Отказаться от Лилиных голубцов было бы верхом безумия! Торопливо прощаюсь с Агафоном, выключаю ноутбук, надеваю пиджак (какая это всё-таки морока – выглядеть прилично!), спускаюсь следом за Эрихом в тёмный коридор и кое-как спешу на ужин. Ибо общеизвестно, что голод – не тётка. Голод – дядька.

Глава 4

Под низкими сводами мрачной столовой действительно полно людей. Проголодавшиеся живописцы сидят вдоль километрового стола и ведут творческие разговоры. Когда я появляюсь в дверях, они направляют свои взоры на меня. Выдавливаю из себя ритуальное «халло!». В Нашем Городке постоянно здороваются все со всеми. Даже на автобусных остановках и в самих автобусах. Такое правило. Получаю в ответ разноголосые приветствия: «халло!», «хай!», «сервус!», «грюсс готт!» и даже русское «привет!». Ага, значит, русаки здесь тоже присутствуют.

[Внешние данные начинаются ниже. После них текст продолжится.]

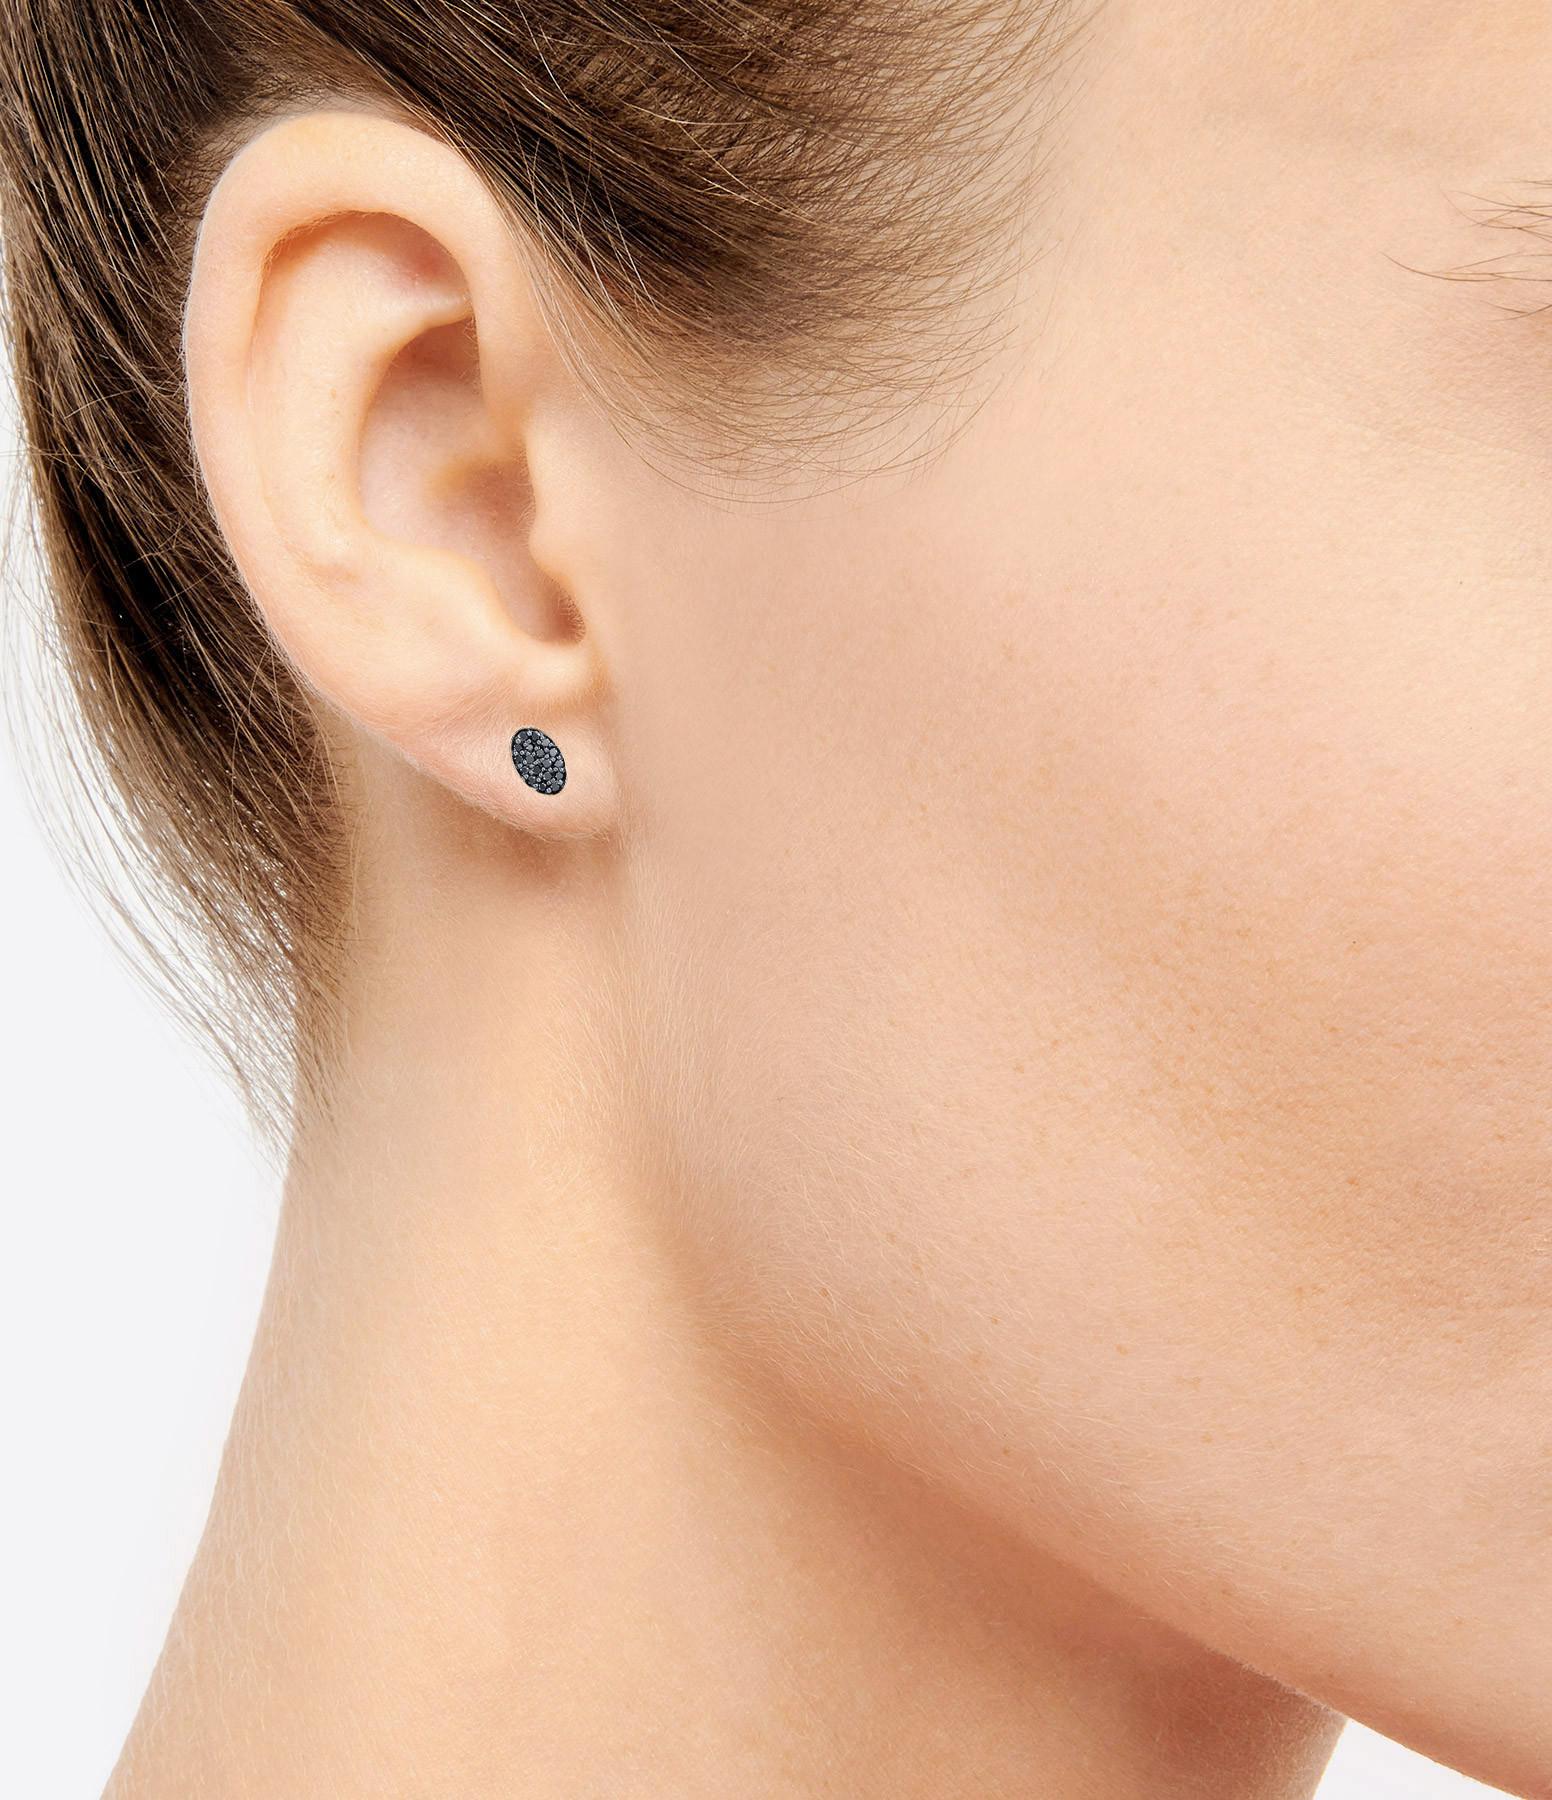 GINETTE_NY - Boucles d'oreilles Sequin Or Rose Diamants Noirs

Закрепляю себя на свободном месте между тучной африканкой в рыжем парике и зелёном сверкающем золотыми блёстками балахоне до пят и бойким немолодым мужчиной. Это он поздоровался со мной по-русски.

– Эдик Трепнау! – тут же протягивает мне руку мужчина. Я вяло пожимаю.

– Вадим.

– Я Ида, – сообщает мне африканка, тоже обмениваясь со мной рукопожатием. Я с трудом её понимаю, но она уверена, что говорит по-немецки.

– Ида Баклажан, – хихикает Эдик. И заметив мой удивлённый взгляд, поясняет: – Так мы её называем между собой – Баклажан!

Ида действительно похожа на крупный баклажан с женскими формами: невысокая, с гладкой фиолетовой кожей. Женщина с экватора. Я оглядываю полутёмное помещение. В начале стола важно надувает щёки Бахман с неизменной трубкой в зубах. Возле костлявого маэстро из-под столешницы выглядывает миниатюрная Понтип, а с другого бока задумчиво подпирает ладонью голову высокая симпатичная девушка: прямой аккуратный носик, дерзко очерченный рот с яркими крупными губами, прекрасные синие глаза, прямые брови. Правда, на мой вкус у неё плечи чуточку широковаты. Видимо, для того, чтобы не прятать от восхищенных взоров лебединую шею, русые волосы красавицы заплетены на затылке в сложный узел.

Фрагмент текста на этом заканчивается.